Мы себе места не находили после этой передачи. Едва уснули. А утром, около восьми часов, нас разбудила артиллерия – начался бой за переправу через реку Шэр. Снаряды падали все чаще. Им отвечали танки. Откуда они взялись там? Потом мы узнали, что вечером со стороны Шабри заняли позицию четыре небольших танка и около двадцати солдат – их командир, лейтенант, был человек решительный и спокойный, уверенный в том, что он обязан продолжать сражаться против немцев, сколько бы их на той стороне реки ни было.

Наступило затишье в перестрелке, наши семьи были вне себя от страха, и мы последовали примеру населения Шабри: переползли-перебежали в небольшой лесок. И вовремя: перестрелка снова началась.

Немцы выпустили по Шабри более двухсот снарядов. Четыре танка, защищавшие мост через Шэр, и их начальник отступили от Шабри к югу, по направлению к замку Валансэ. Снарядов больше не было, вот и решили отходить. Но кто-то должен был прикрывать отступление. Вызвался один солдат. Он дал своим время скрыться, а когда подошли немецкие броневики, открыл по ним огонь – и был убит.

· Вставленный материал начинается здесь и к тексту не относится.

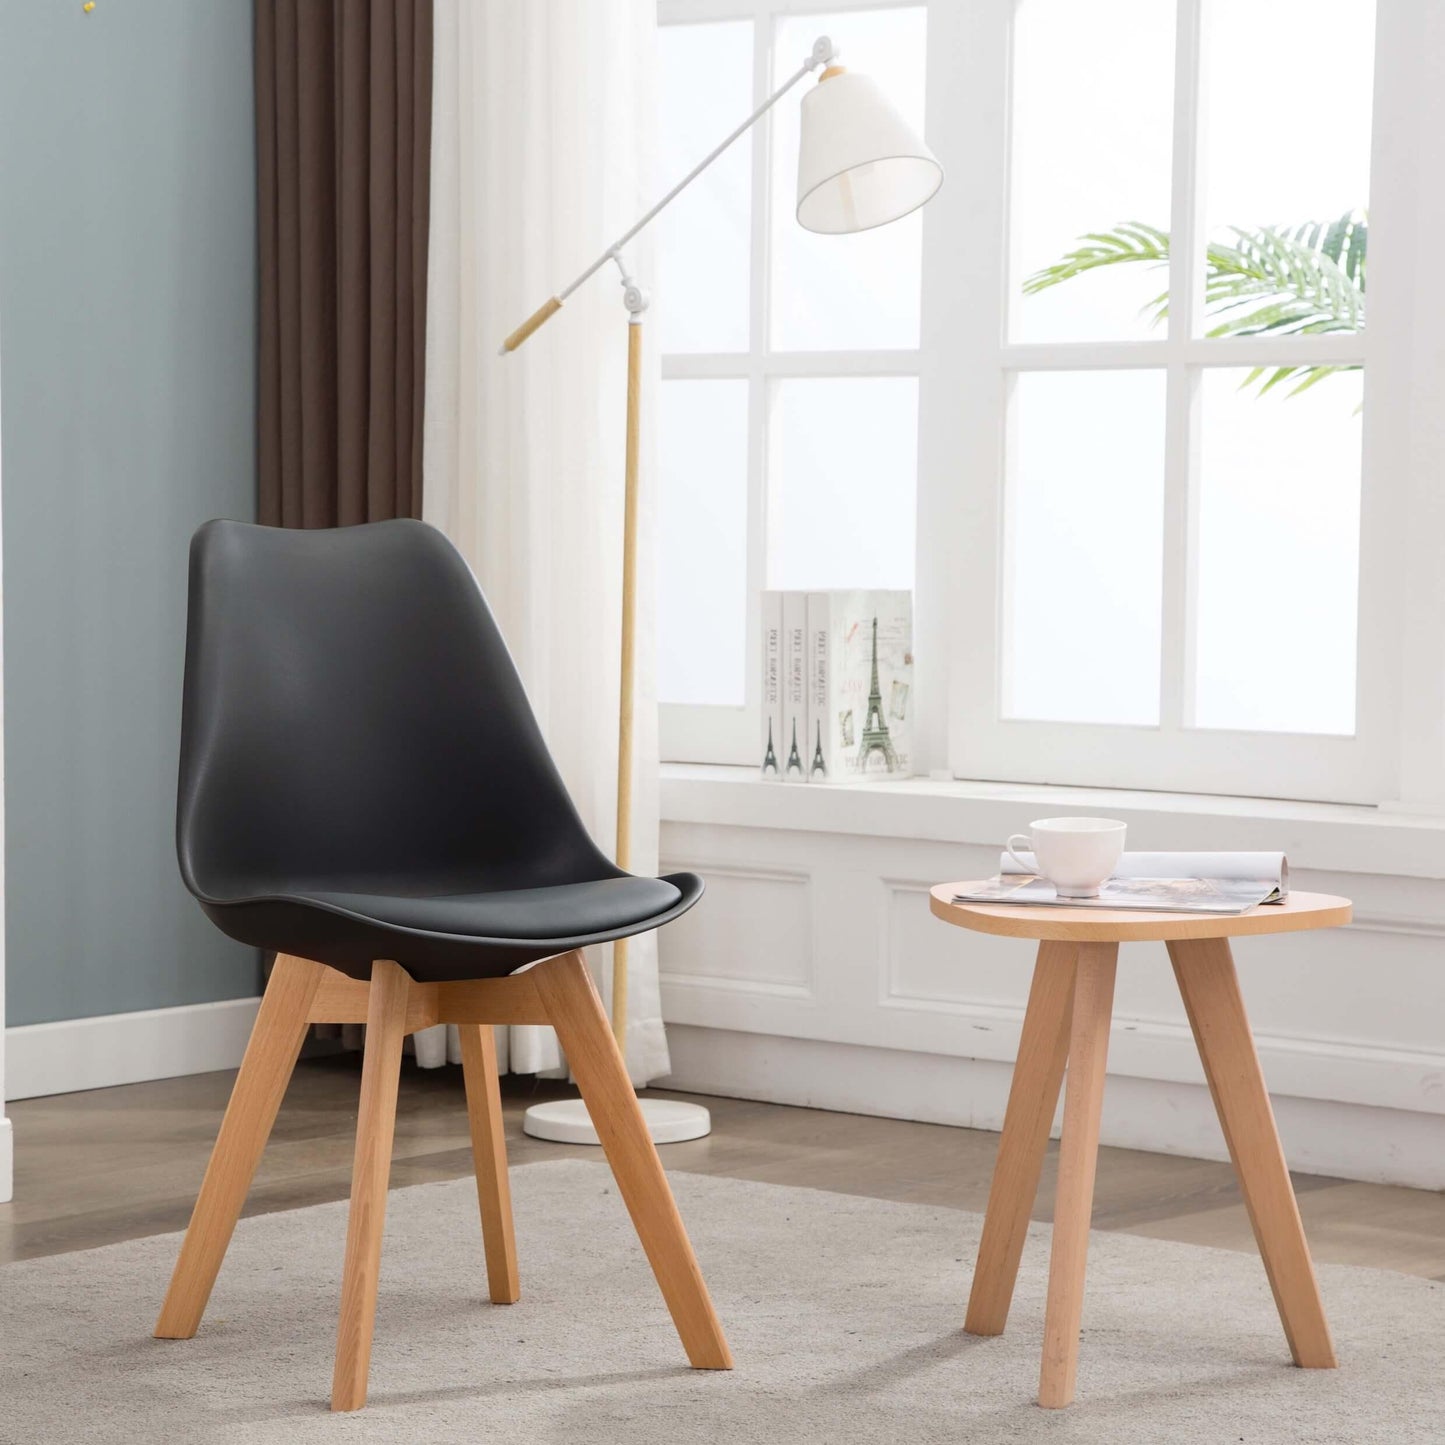 Ando Dining Chairs - Black x 2 - Chotto Furniture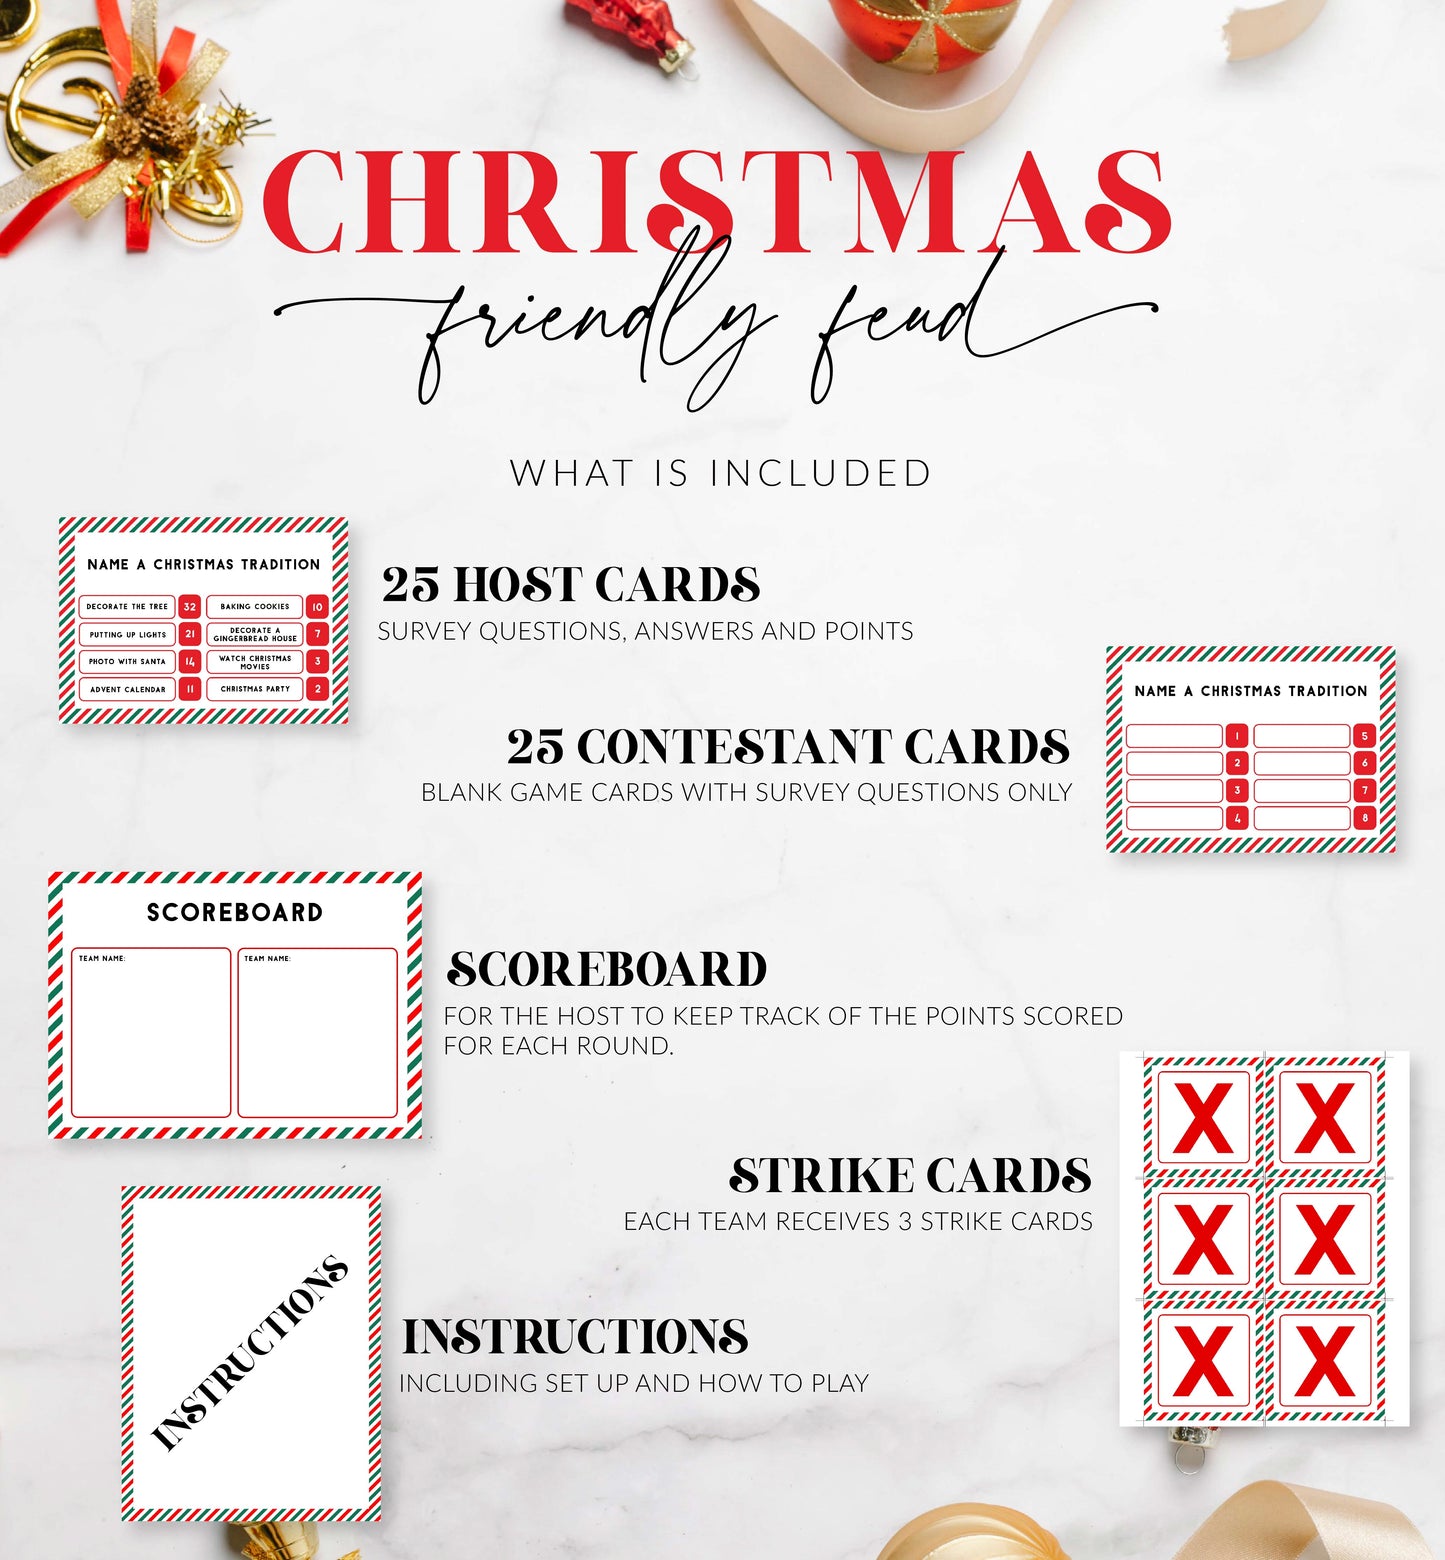 Christmas Friendly Feud Game, Printable Christmas Game, Family Christmas Game, Holiday Party Games, Adult Christmas Party Game, Stripe

Бой закончился, обстрел прекратился, все вернулись домой.

Старик-сосед, ветеран мировой войны, постучал ко мне среди ночи вне себя от возбуждения. Оказывается, он и его сыновья в темноте прокрались к месту гибели того солдата.

 

– Это был хромой! Ваш, русский! – твердил сосед. – Он стрелял из своего «шмайссера». Ни одного патрона не осталось. Он там лежит, весь изрешеченный. Боши своих убитых подобрали, а его бросили. Надо бы его похоронить, а?

Я немедля оделся и пошел с ними. У нас были потайные фонари, с какими крестьяне ходят ночью в погреба.

Нашли тело, постояли над ним. Да, это был он. Хромой. Значит, он не ушел с теми солдатами, которые бросили оружие. Значит, вернулся и сражался вместе с французами, сопротивлялся бошам до конца жизни. Слышал ли он призыв де Голля? Или поступил так, повинуясь велению души? Теперь уже никто не узнает.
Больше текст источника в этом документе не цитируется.